Koper Berisi Uang Senilai Rp 2,1 Miliar Milik Mugabe Dicuri dari Rumahnya

Jumat, 11 Januari 2019 16:33 Reporter : Merdeka
Koper Berisi Uang Senilai Rp 2,1 Miliar Milik Mugabe Dicuri dari Rumahnya Presiden Zimbabwe Robert Mugabe. ©telegraph.co.uk

Merdeka.com - Tiga orang yang diduga mencuri sebuah koper milik mantan Presiden Zimbabwe Robert Mugabe menjalani sidang pengadilan hari ini. Koper yang dicuri itu di dalamnya berisi uang tunai senilai USD 150.000, atau setara Rp 2,1 miliar.

Menurut aparat penegak hukum Zimbabwe, para pencuri itu diduga menghabiskan uang tunai tersebut untuk membeli mobil, rumah, dan hewan ternak, seperti dikutip dari BBC, Jumat (11/1).

Salah seorang kerabat Mugabe termasuk di antara ketiga tersangka. Orang itu diduga memiliki kunci rumah Mugabe di Zvimba, dekat Ibu Kota Harare. Dia dituduh memberikan akses ilegal kepada orang asing.

Sementara dua tersangka lainnya, diketahui bekerja sebagai petugas kebersihan. Pencurian itu diduga terjadi antara 1 Desember dan awal Januari.

"Johanne Mapurisa membeli sebuah sedan Toyota Camry dan sebuah rumah seharga USD 20.000 (setara Rp 281 juta) setelah pencurian tersebut," kata Teveraishe Zinyemba, jaksa penuntut umum di pengadilan Chinhoyi.

"Saymore Nhetekwa juga membeli mobil Honda ... dan beberapa hewan ternak, termasuk babi dan sapi, dalam jumlah yang tidak diungkapkan," lanjutnya menjelaskan.
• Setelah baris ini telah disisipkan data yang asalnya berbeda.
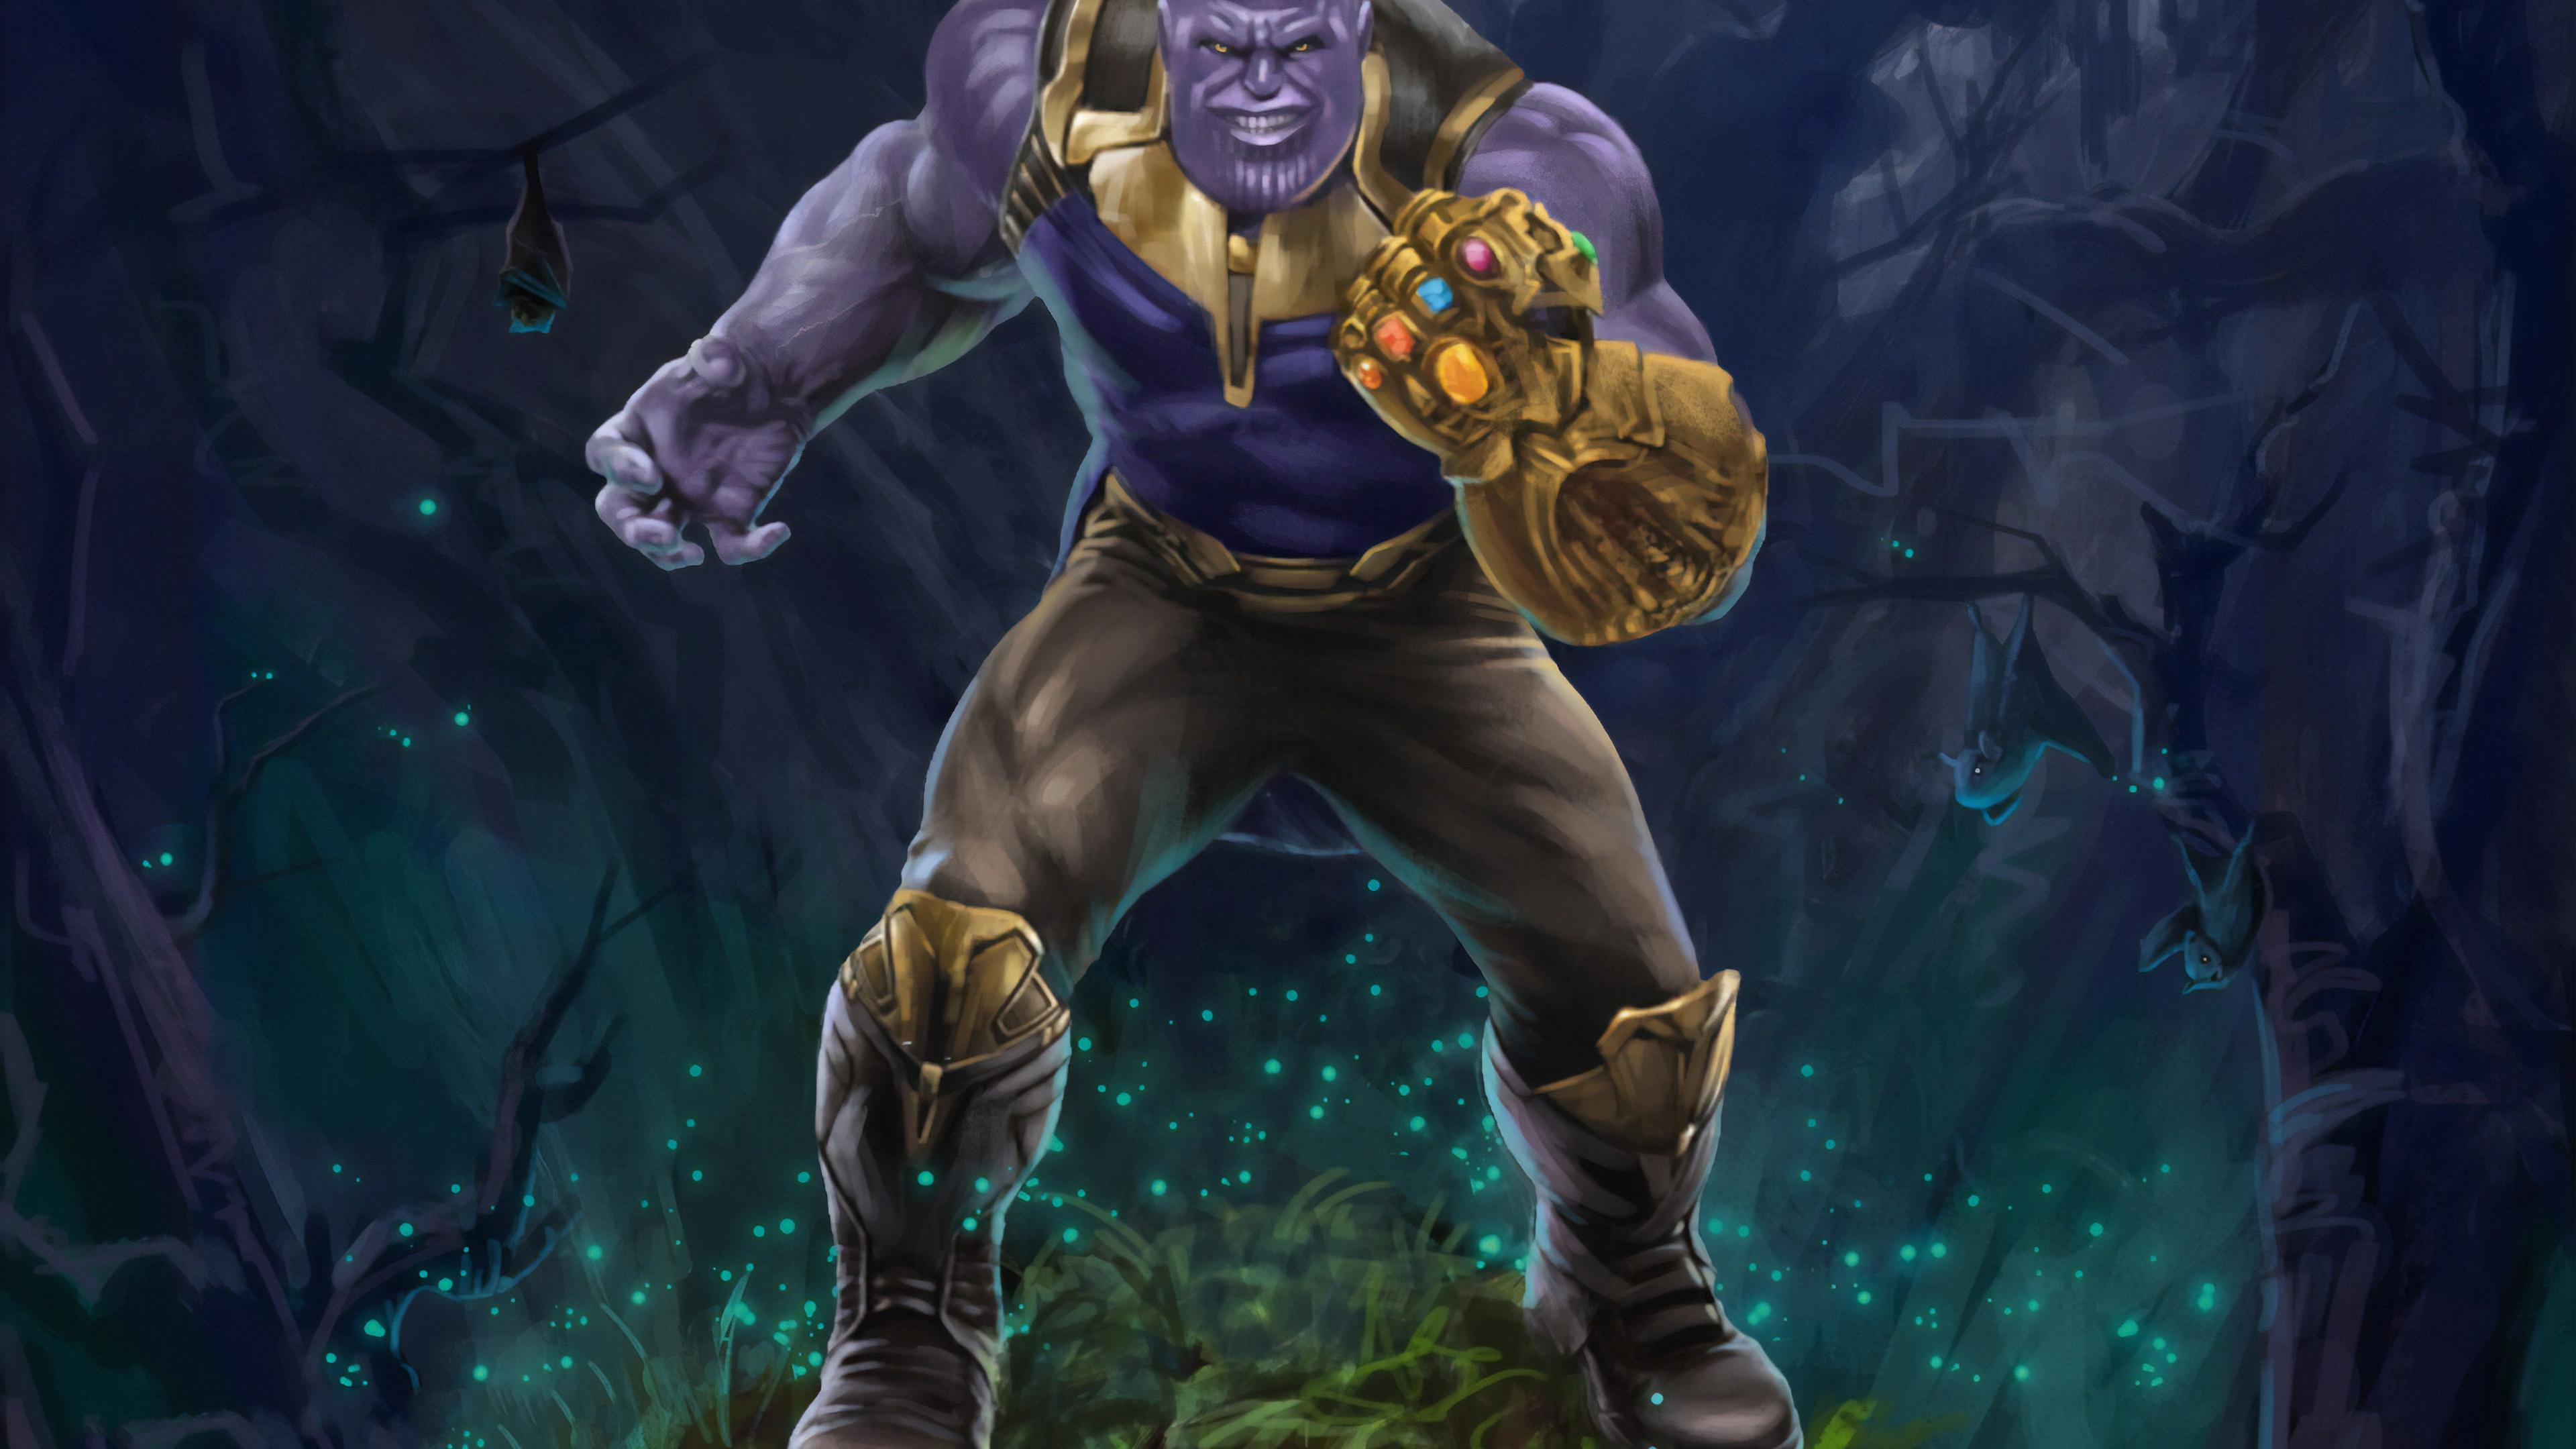 thanos 2019 new 1569186878 - Thanos 2019 New - thanos-wallpapers, superheroes wallpapers, hd-wallpapers, digital art wallpapers, artwork wallpapers, artstation wallpapers, 4k-wallpapers

Tidak jelas disebutkan apakah Mugabe ada di rumah pedesaannya saat pencurian terjadi.

Ketiga tersangka telah dibebaskan dengan jaminan, namun kantor berita AFP melaporkan bahwa ada satu pelaku lain yang masih buron. Polisi Zimbabwe masih terus mencarinya.

Robert Mugabe, sekarang berusia 94, dipaksa turun dari jabatan kepresidenan oleh militer Zimbabwe pada 2017 lalu.

Hingga saat itu, ia telah berkuasa selama 37 tahun, pertama sebagai perdana menteri dan kemudian sebagai presiden.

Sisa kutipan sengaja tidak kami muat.